Land where my fathers died / Land of the pilgrims’ pride
Did you know that the Pilgrims who arrived in 1620 and whom we remember every Thanksgiving were not called Pilgrims until 1840? At the time of their arrival they were known as “Separatists” from the Anglican Church. The name Pilgrims was later selected as a truer title because of their leader William Bradford’s description of them, drawn from the New Testament, as strangers and pilgrims on the earth, seeking a better country, a heavenly one.
I suppose it was something like that that Jacqueline Hayes was seeking during her recent pilgrimage to the shrine of Saint James in Compostella – requiring a walk of 500 miles across northern Spain. And not only she but so many people who have trekked their way for millennia to certain places which are somehow holy – due to significant events or the mysterious nature of the terrain, a forest, a mountain, a magical well. Why? To acquire some boon, a healing (Lourdes), a touch of holiness to bring back home.
Graymoor Mountain, home of a Franciscan order I joined back in 1943 as a minor (high school level) seminarian, was such a place of pilgrimage accessible to Metropolitan New York. Since the early 1900’s busloads of blue collar (Irish and Italian) Catholics came rolling up the mountain to visit St. Anthony’s Shrine, attend outdoor Masses and Benediction, light dollar size candles, buy religious articles – and basically enjoy a day far removed from the dinginess of the city. As a seminarian I was assigned work every such Sunday. Sometimes it was in the cafeteria. My job was to stand behind the hot pans of food and, as people passed by with their trays, to ladle a touch of gravy upon each mound of mashed potatoes. Otherwise I was assigned to the religious article shop – to the low cost items: rosaries, medals (miraculous, St. Christopher, etc.), prayer books, (no mezuzahs), crucifixes, statuettes, . . . After a week at that counter I had learned an essential economic skill that I’ve never forgotten: the ability to make change.

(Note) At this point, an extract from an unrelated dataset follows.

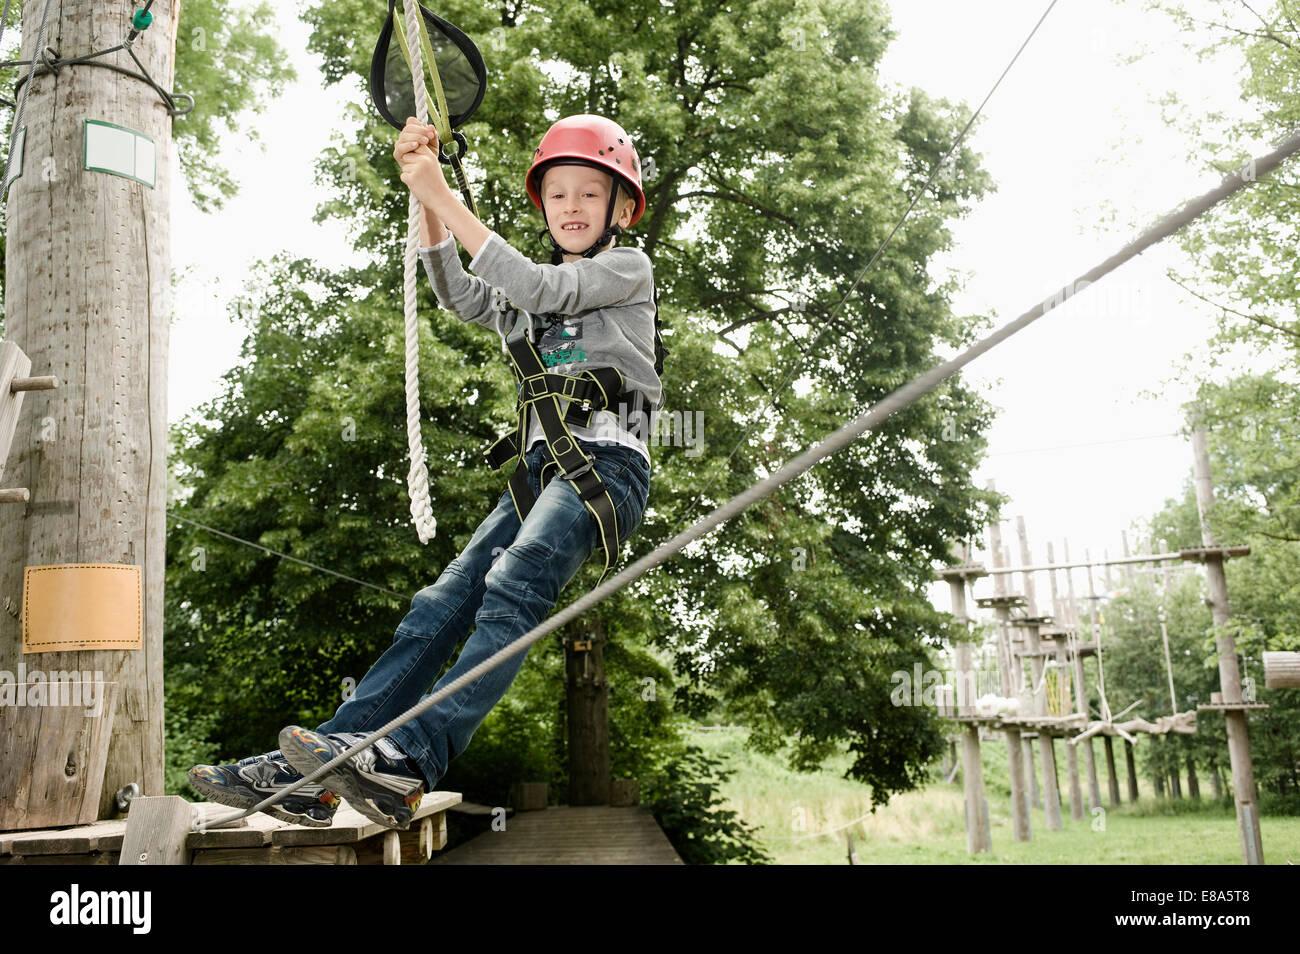 Boy climbing crag, smiling - Stock Image

A noteworthy change occurred during those years. Word about Graymoor reached African-Americans living in Harlem. Considering the discrimination, the cramped urban living conditions, their limited access to the refreshing freedom of the Hudson highlands in the 1940’s, the possibility of a pilgrimage to Graymoor struck a chord. Soon busloads of Harlem Baptists were winding up the mountain to park amid the blue collar Catholics.
Now the Harlem Baptists were a lively bunch. This did not sit well with Fr. Aloysius Craven, Irish born and with a brogue as thick as that of Barry Fitzgerald. In a state of panic before every outdoor Mass, Fr. Aloysius would mount the outdoor pulpit and shout, “Only Catholics can go to Holy Communion during the Mass.” The Harlem Baptists who numbered half the congregation all nodded their assent. Nevertheless when Communion time arrived the Harlem Baptists came up en masse (so to speak) and nothing could be done about it. To attempt to sort out Catholic from Baptist along the communion rail would have jammed the gears of the whole liturgy. And so despite Fr. Aloysius’ restrictions the Bread of Life made its way into Baptist souls.
That in itself was a boon worth pilgrimaging up to Graymoor to receive. But were such events forecasts of an even larger boon to come within thirty years: an integration of peoples, solidarity among churches, a chance for once segregated people to breathe free, to be free? To which did not Graymoor as a place of pilgrimage make its small if confused but – well ahead of time – contribution?
From every mountainside / Let freedom ring.